Loy then concludes that:
We cannot solve the problems they create by addressing the conduct of this or that particular corporation; it's the institution that's the problem. I do not see how, given their present structure, we can repair them to make them more compassionate.I'm afraid that the same prognosis also applies to the State. No amount of reforms, whether it's switching from communism to state capitalism or from state capitalism to social democracy or whatever, will eliminate the fundamental dangers inherent in such concentrations of power that all states wield. Even a supposedly benevolent design for such a centralized beast will ultimately be perverted by the imperfect nature of human beings.
This is an instance where an enlightened spiritual perspective has helped to shed light on the danger of such institutions. The critique of TNCs is undoubtedly easy for leftists to identity with, while applying the same critique to the State makes it relevant to libertarians. Of course, now the two sides need to focus upon the fact that there is more than one type of institution that poses a threat to our freedom and our well-being.

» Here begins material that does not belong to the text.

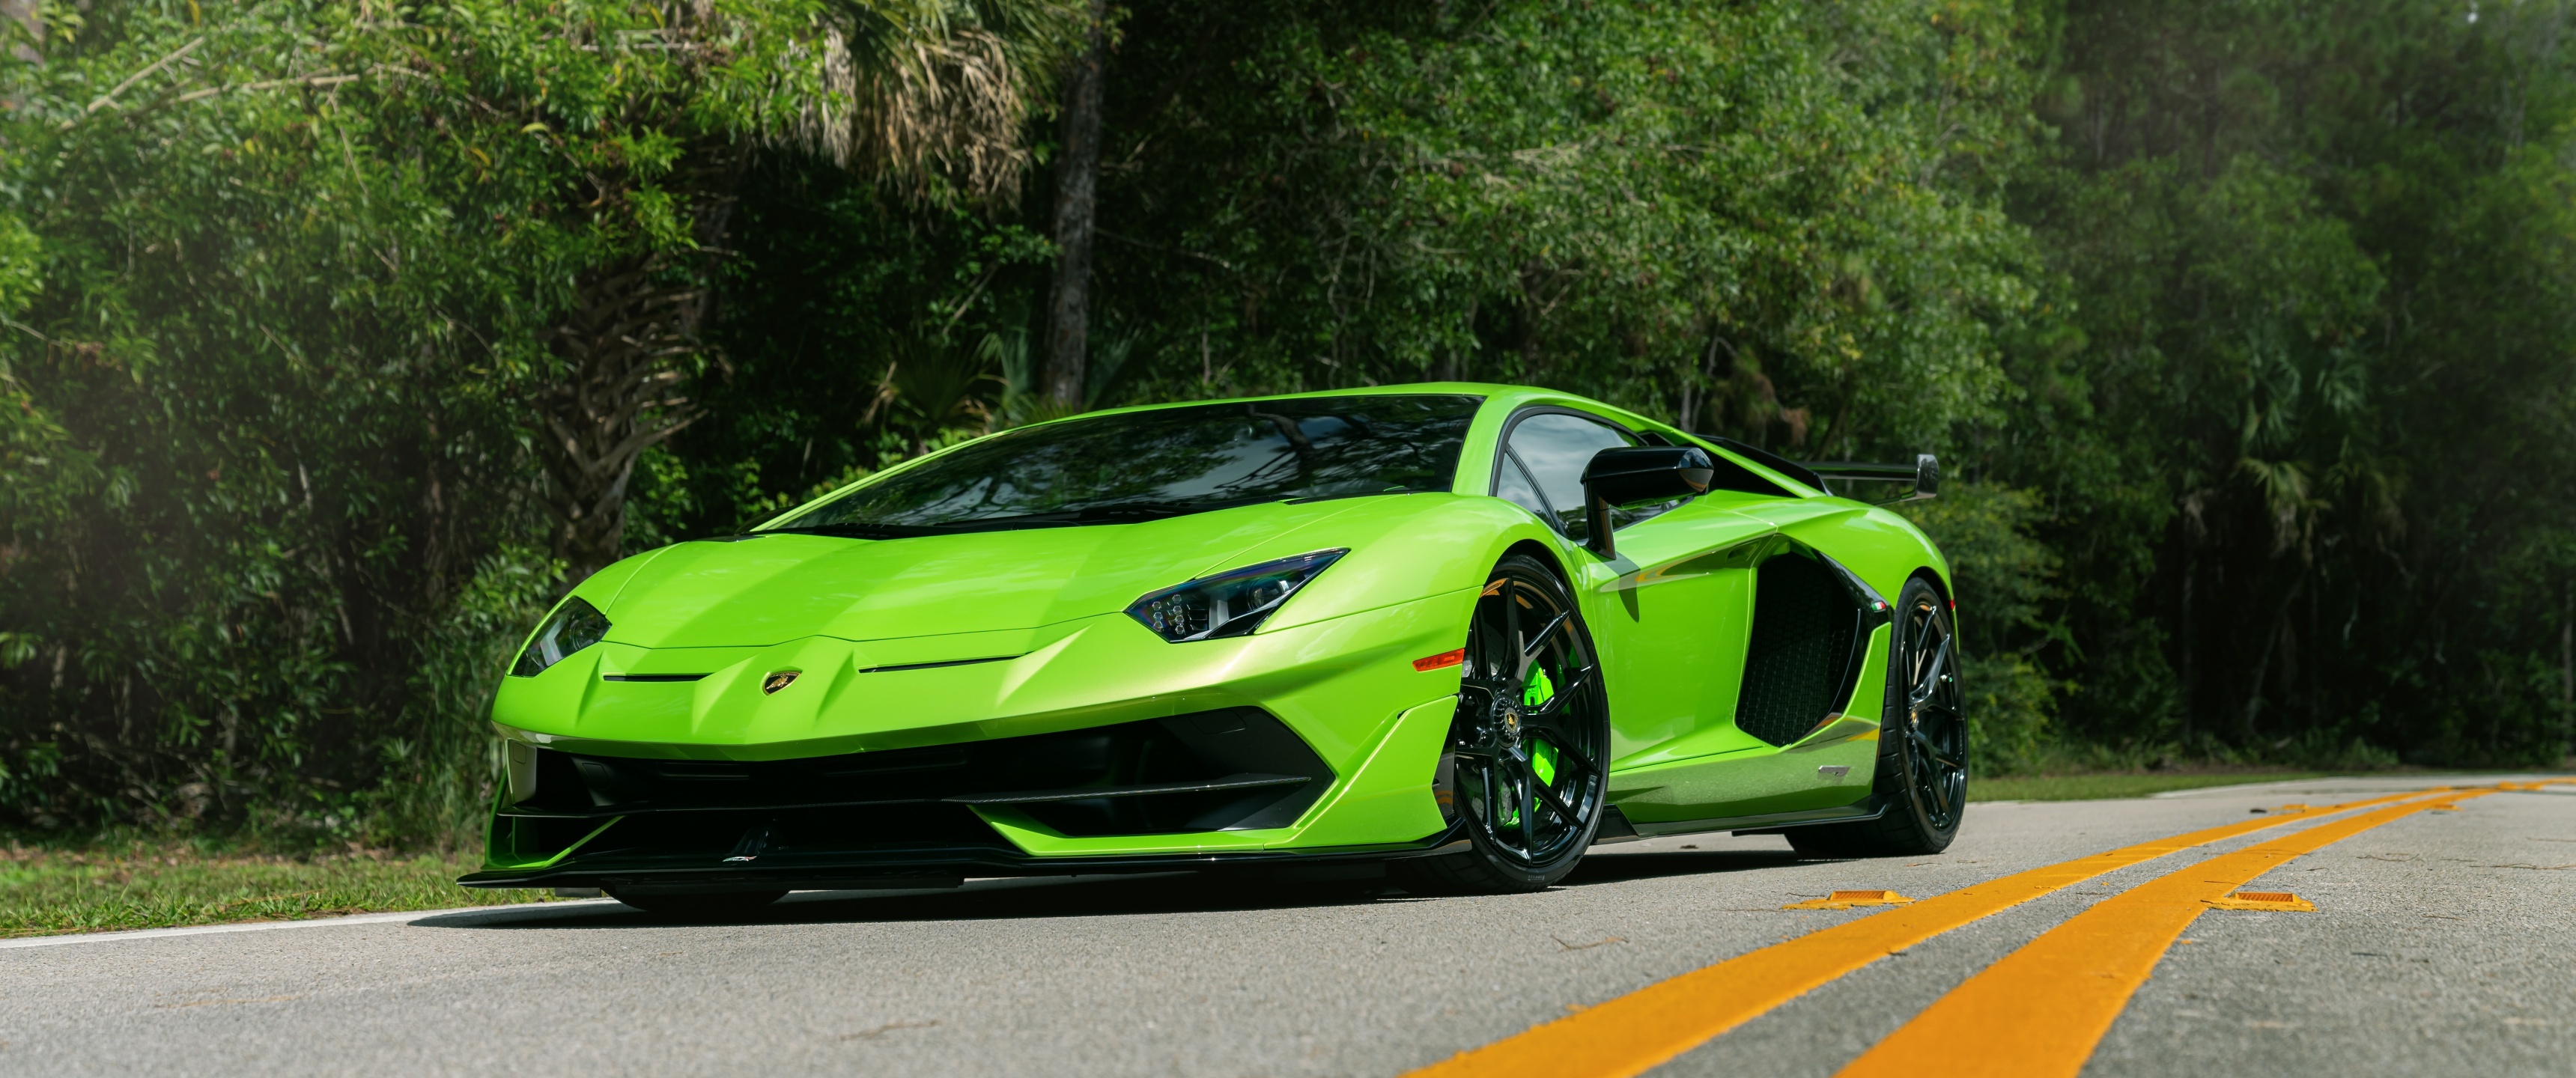 Lamborghini Aventador SVJ, 4K wallpaper, Sports cars, Powerful performance, 3440x1440 Dual Screen Desktop

For a thoroughly worthwhile read that focuses more on the State's relevance to such a spiritual critique, I recommend checking out an essay published on Lew Rockwell.com today by Jeff Knaebel. It's called Remembering Gandhi, and he makes reference to the same critique made by David Loy:
We have abdicated our moral sovereignty and outsourced our personal responsibility to corporations and to the State. These are both non-human entities without heart, soul or conscience. They are machines, abstract legal constructs. They cannot feel pain, cannot love, experience empathy, touch the moist grass of this earth with their bare feet, hear a birdsong, or scratch a puppy’s ear. Yet, by operation of sovereign immunity and the corporate veil, their anonymous members can make secret decisions that destroy thousands, millions of lives, and they remain personally unaccountable.
The State has no ears for Nature, it hears not the cries of earth and her creatures; it cannot respond to Nature. It would be wise for us not to forget, in our pride, that man IS nature. The State responds only to the self-interest of its power, and to money. We expect individuals to lead a life of reasonable morality. The State has no morality.
1 Comments:
For a parallel critique of the state, see Loy's 'A Buddhist History of the West' (SUNY Press 2002), ch. 4.